Very happy for them, but always seems to be the ones who least expect it. we been TTC for over 2 years not once had a positive on a OPK or HPT, im on my 3rd mth of clomid at 100mg after taking northesterine to being on a period. Mine came about 5 days after my last tablet. so your still early days yet hunni

i found taking clomid just before bed time was good because when i first used to take it, i got bad side effects, so taking at night u can sleep thro them xxxxx
 
I feel your pain. My sister is pregnant for the second time since I began TTC. Cuts like a knife tbh!
 
Nope, you are defo not alone!!!

Im exactly the same! Even worse as I even find it hard to be happy for them because the jealous feeling is killing all the positive emotions :nope:

I just completed my first cycle of Clomid and am happy to say that I ovulated!! But didn't get pregnant. Still, Im just happy to have ovulated on the minimum dose of the drug.

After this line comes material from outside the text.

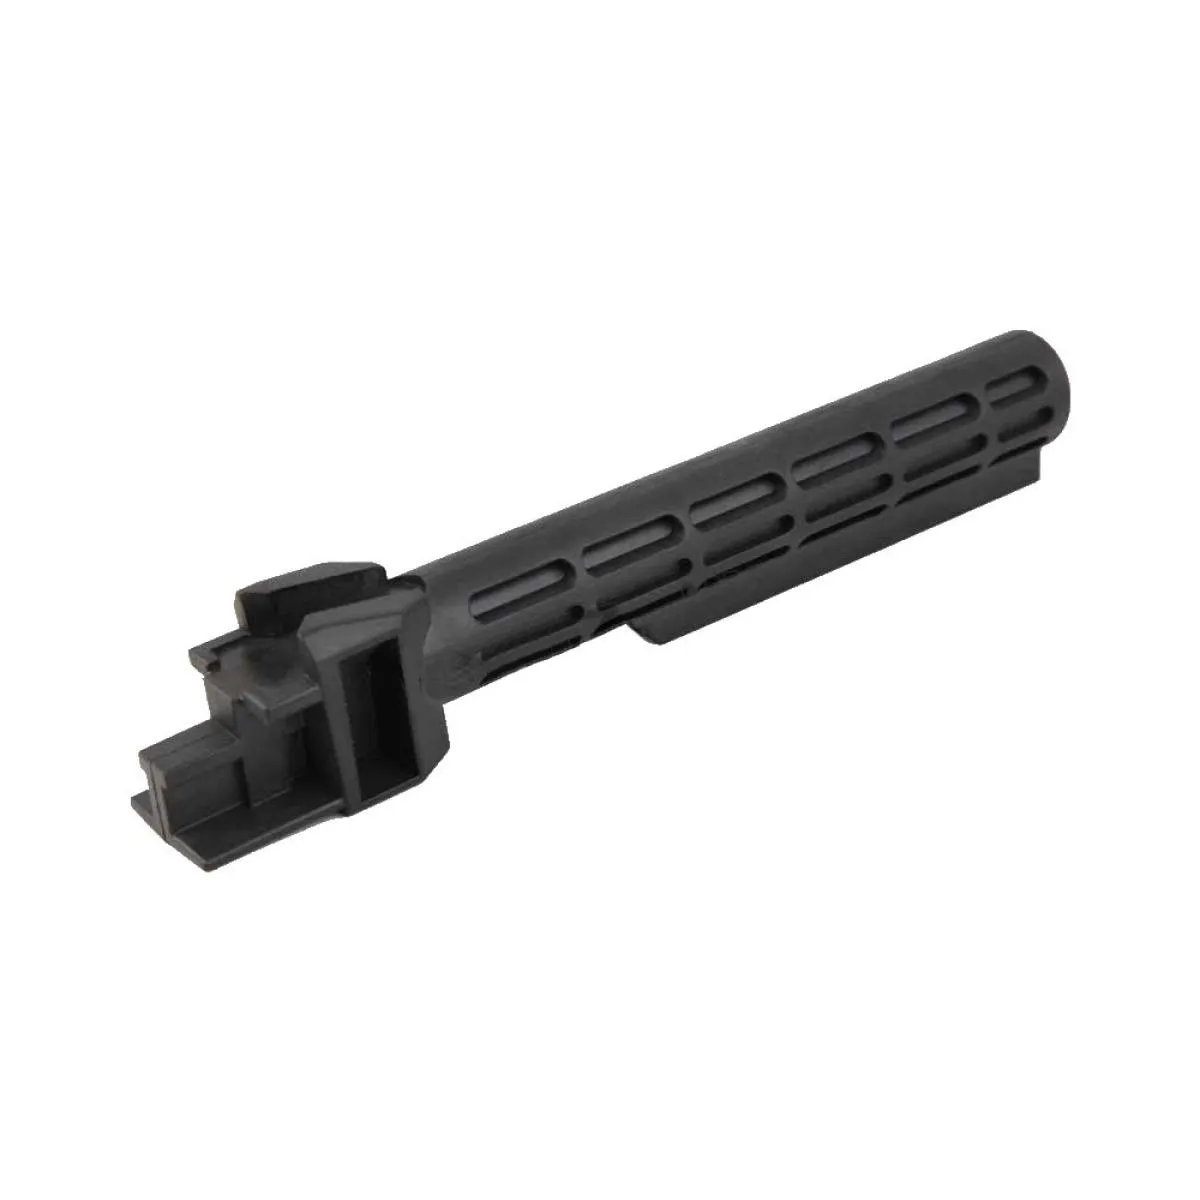 Big Dragon M4 Polymer Stock Adapter for AK74 Serie

My period started on day 3 after stopping Provera. BUT I heard it can take up to a WEEK to start the period!!!! Best of luck xxx
 
You aren't alone and like MariaF; I can scarcely feel pleased for anyone who is pregnant - unless I know they have struggled to conceive at least a bit. I have to sit next to a girl at work who is accidentally pregnant (?!?) and it is the hardest thing I've ever had to do. The worst part is all of my coleagues know what OH and I are going through and yet they talk about her bump constantly - it's almost as though everybody is trying to rub my nose in it.

I have even started to imagine that people will announce a pregnancy - eg. friends who have just returned from holiday - I convinced myself they would come back pregnant!

This is really turning me into a crazy person - thank goodness for B&B so at least I know I am not alone!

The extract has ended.